Ways to manage obesity in children and adolescents include:
- start a weight-management program
- change eating habits (eat slowly, develop a routine)
- plan meals and make better food selections (eat less fatty foods, avoid junk and fast foods)
- control portions and consume less calories
- increase physical activity (especially walking) and have a more active lifestyle
- know what your child eats at school
- eat meals as a family instead of while watching television or at the computer
- do not use food as a reward
- limit snacking
- attend a support group (e.g., Overeaters Anonymous)

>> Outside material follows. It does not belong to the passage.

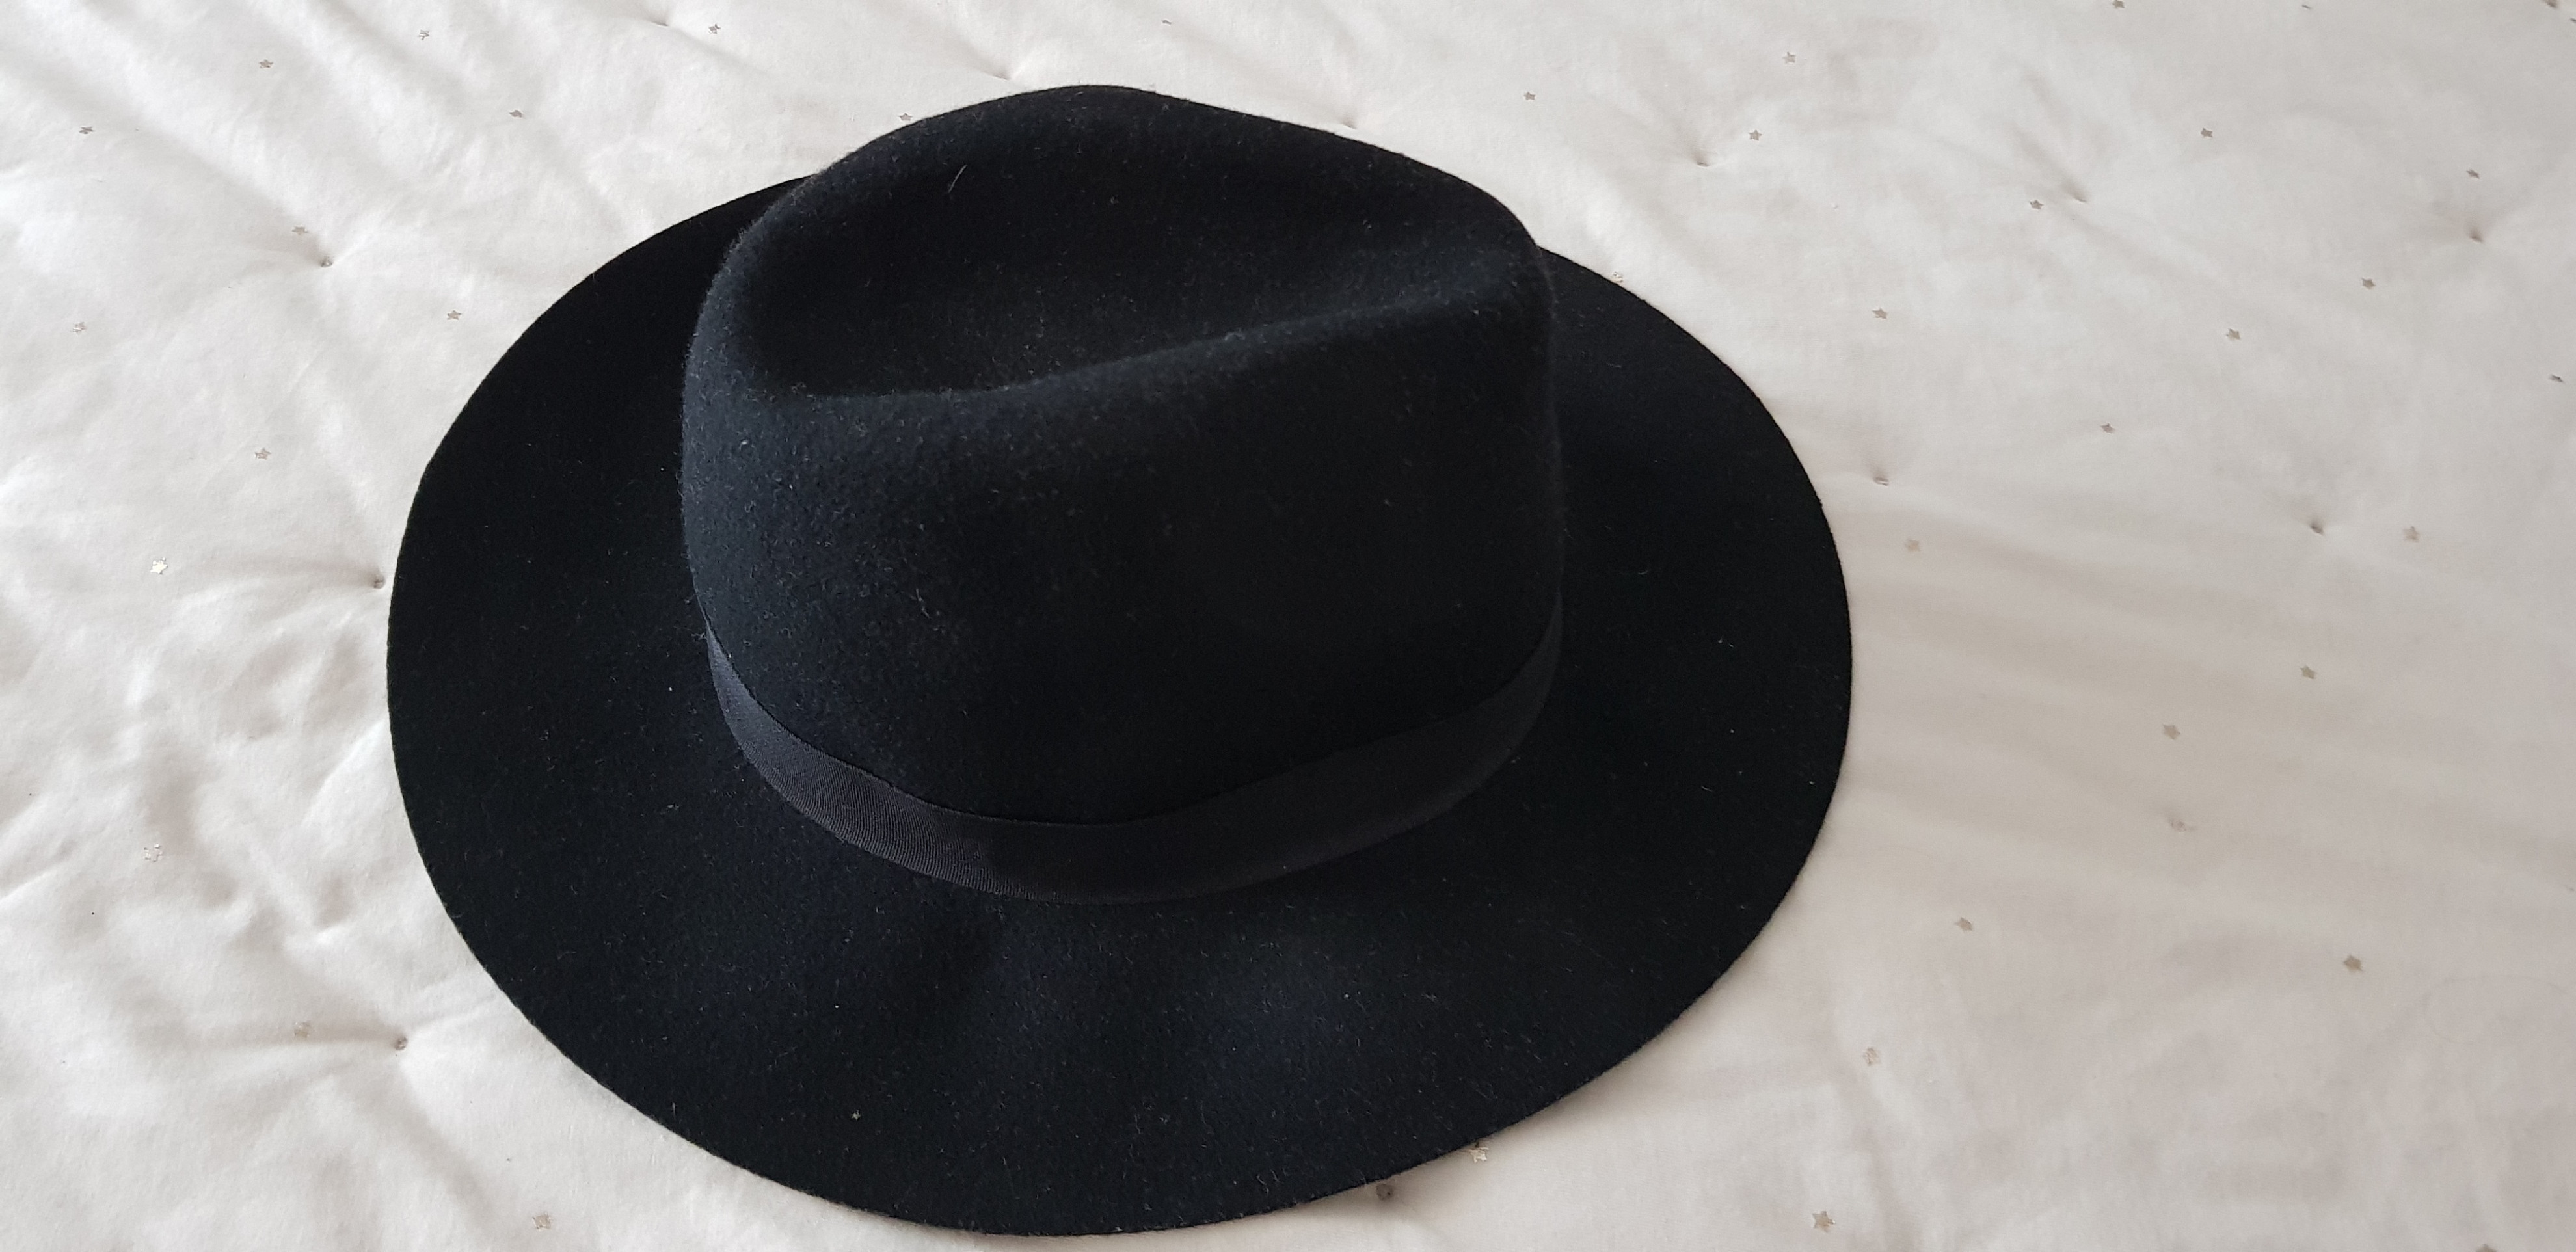 Black felt hat

Obesity frequently becomes a lifelong issue. The reason most obese adolescents gain back their lost pounds is that they tend to go back to their old habits of eating and exercising. An obese adolescent must therefore learn to eat and enjoy healthy foods in moderate amounts and to exercise regularly to maintain a desired weight. Parents of an obese child can improve their child’s self-esteem by emphasizing their strengths and positive qualities rather than just focusing on their weight problem. When a child or adolescent with obesity also has emotional problems, a child and adolescent psychiatrist can work with the child’s family physician to develop a comprehensive treatment plan. Such a plan would include reasonable weight loss goals, dietary and physical activity management, behavior modification, and family involvement.